Этим в основном определяется художественная природа той или иной фантастической вещи.
Фантастика всегда переходит предел привычного, но переход этот бывает порой более, порой менее резок.
Иногда фантасту достаточно, чтобы рядом были обычное и необычное. Птица — но необычной породы. Привычный шар — и необычная конструкция.
Иногда же, когда эпоха заставляет эту грань сдвинуться в сторону неверия, фантаст ищет уже не меру обычного и необычного, а необычного и невероятного. В этом случае фантастика по-прежнему требует нашей веры. И мы верим в рассказанное, но как верят в чудо.
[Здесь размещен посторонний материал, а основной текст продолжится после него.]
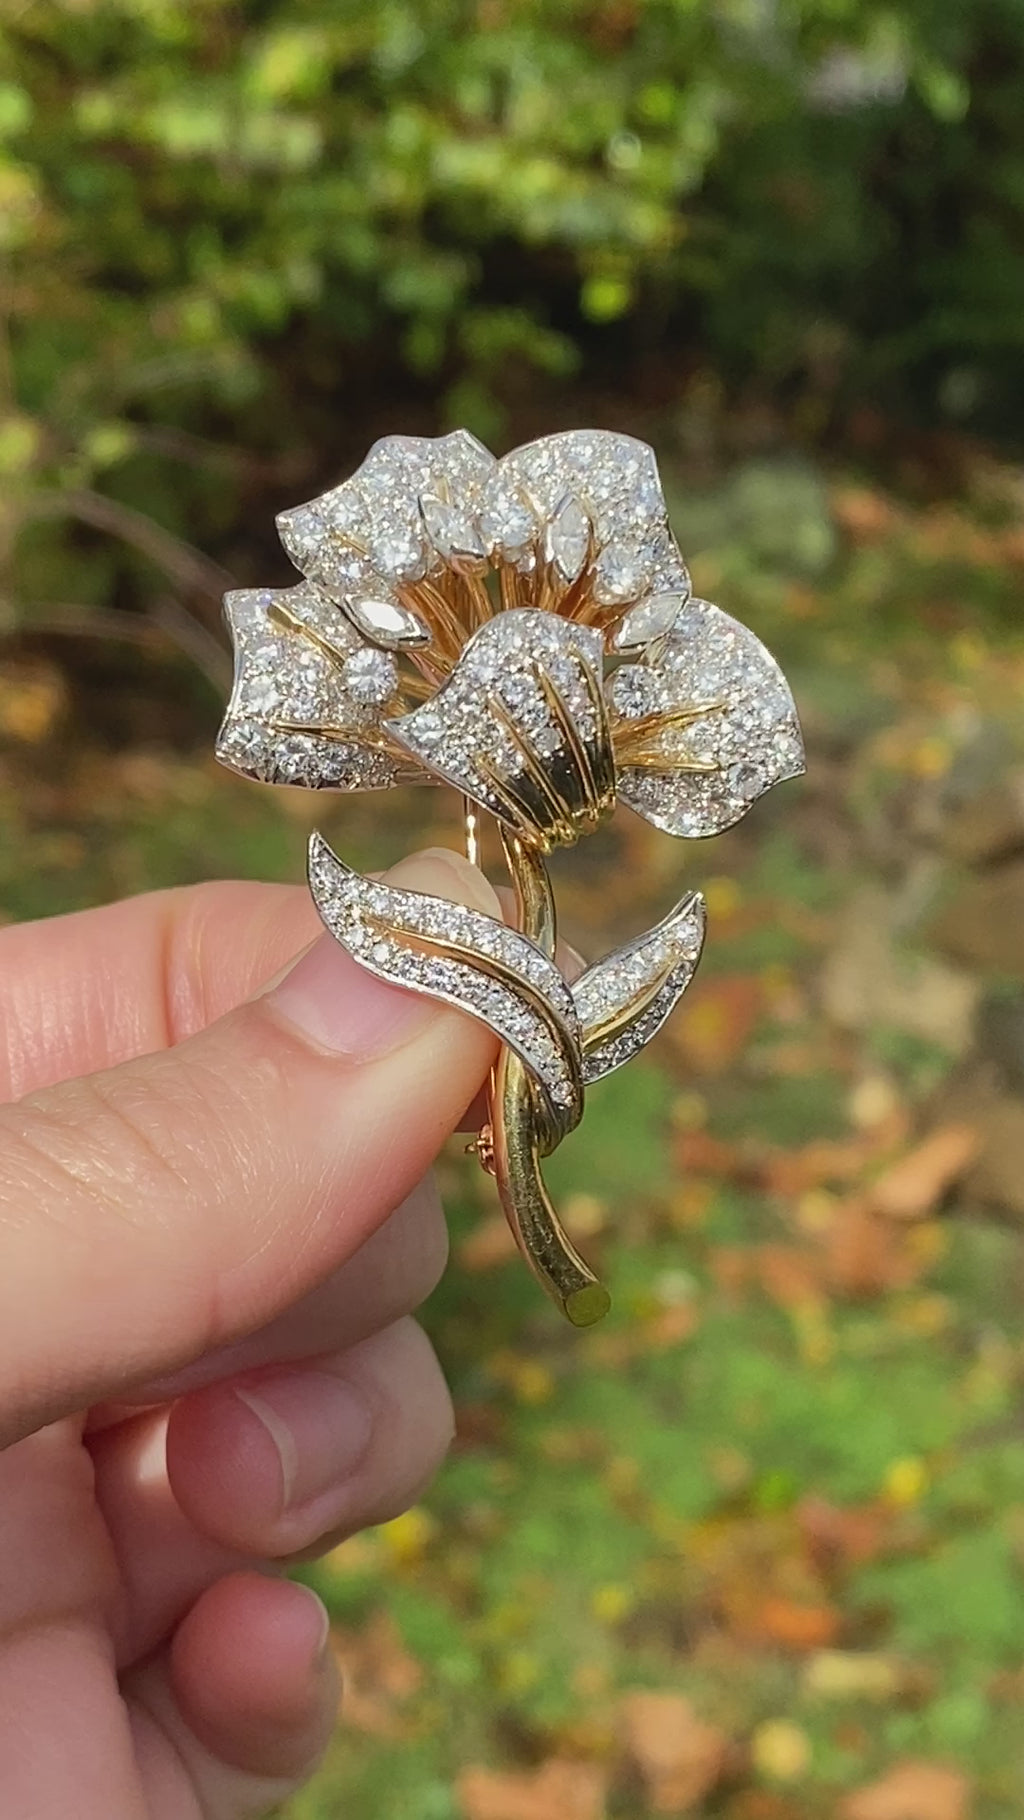 where can i find diamond pins for flowers｜TikTok Search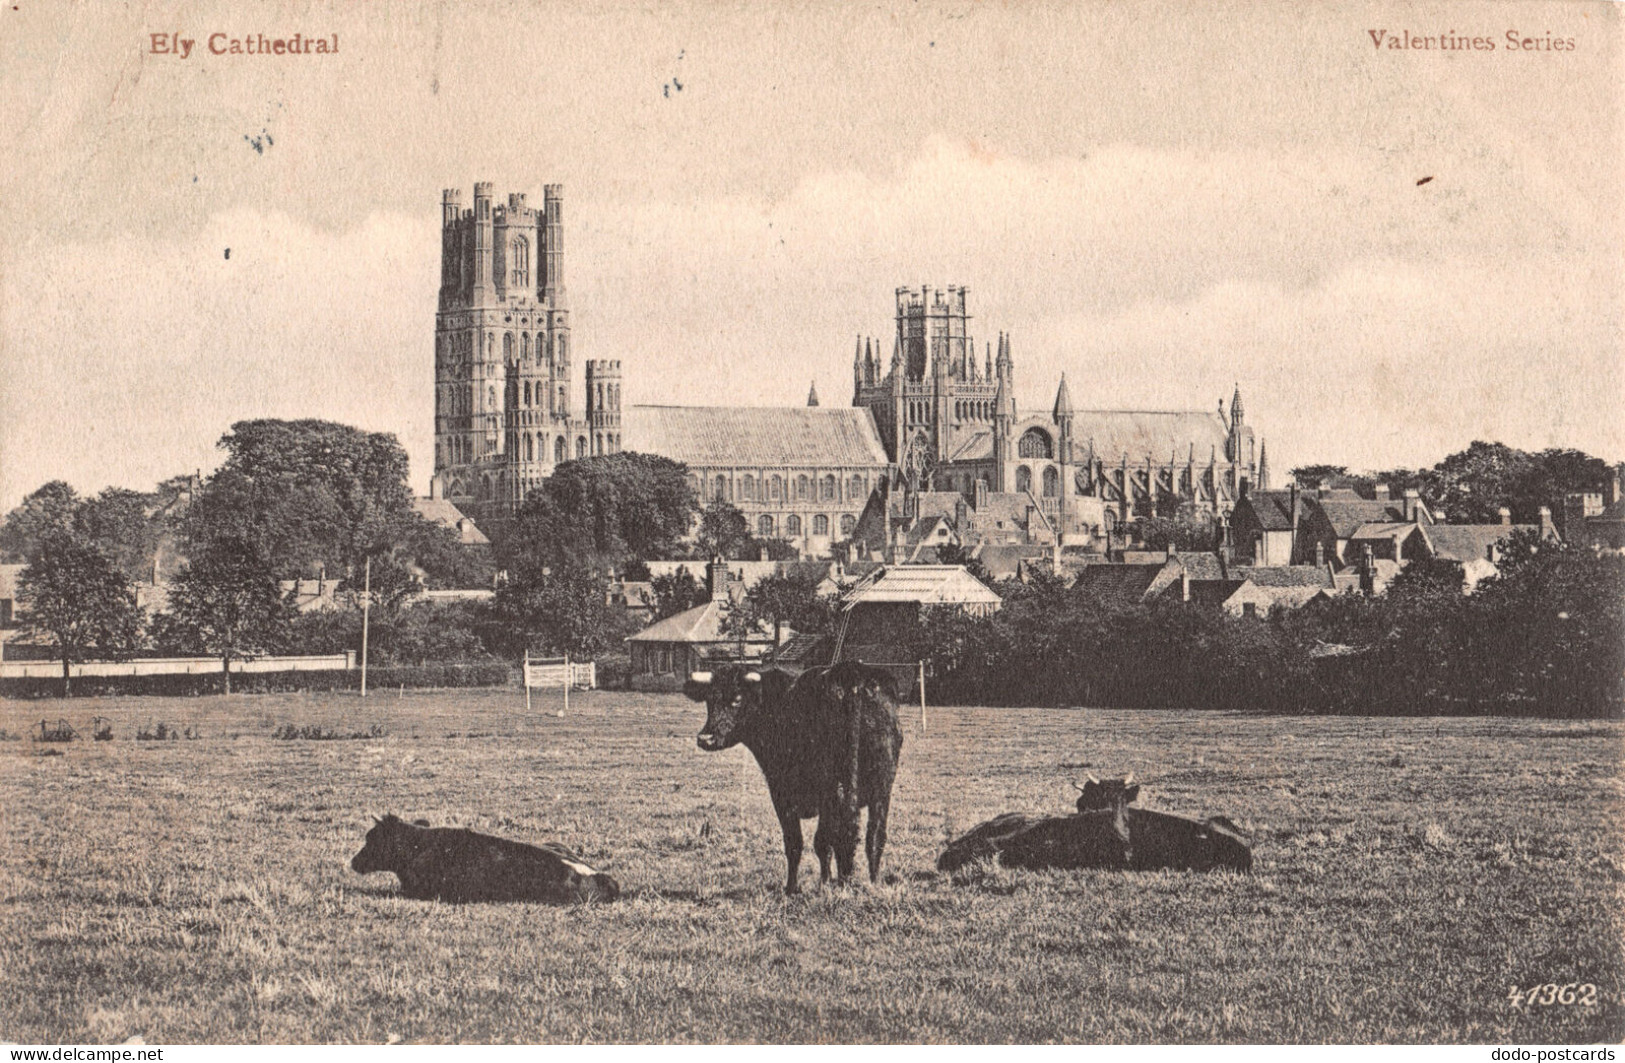 R333732 Ely Cathedral. Valentines Series. 1904 - World

И еще верим потому, что нам хорошо рассказали. Мы верим художнику — не очевидцу. Этот художник, поскольку он желает оставаться фантастом, не упустит случая воспользоваться не только нашей верой, но и нашим сомнением. Может быть, ему даже больше нужно наше сомнение, чем вера.
Между фантастикой и мифом нет Китайской стены. Миф был исходным материалом фантастики, поэтому многие их приемы одни и те же. Они не раз вызывают в душе человека одни и те же движения. Но из мифа лишь тогда вырастает фантастика, когда, хотя бы в зачаточной форме, открывается мифичность описанного. Когда есть почва для сомнения. Когда рядом с трагическим Веллерофонтом может появиться насмешник Тригей [16].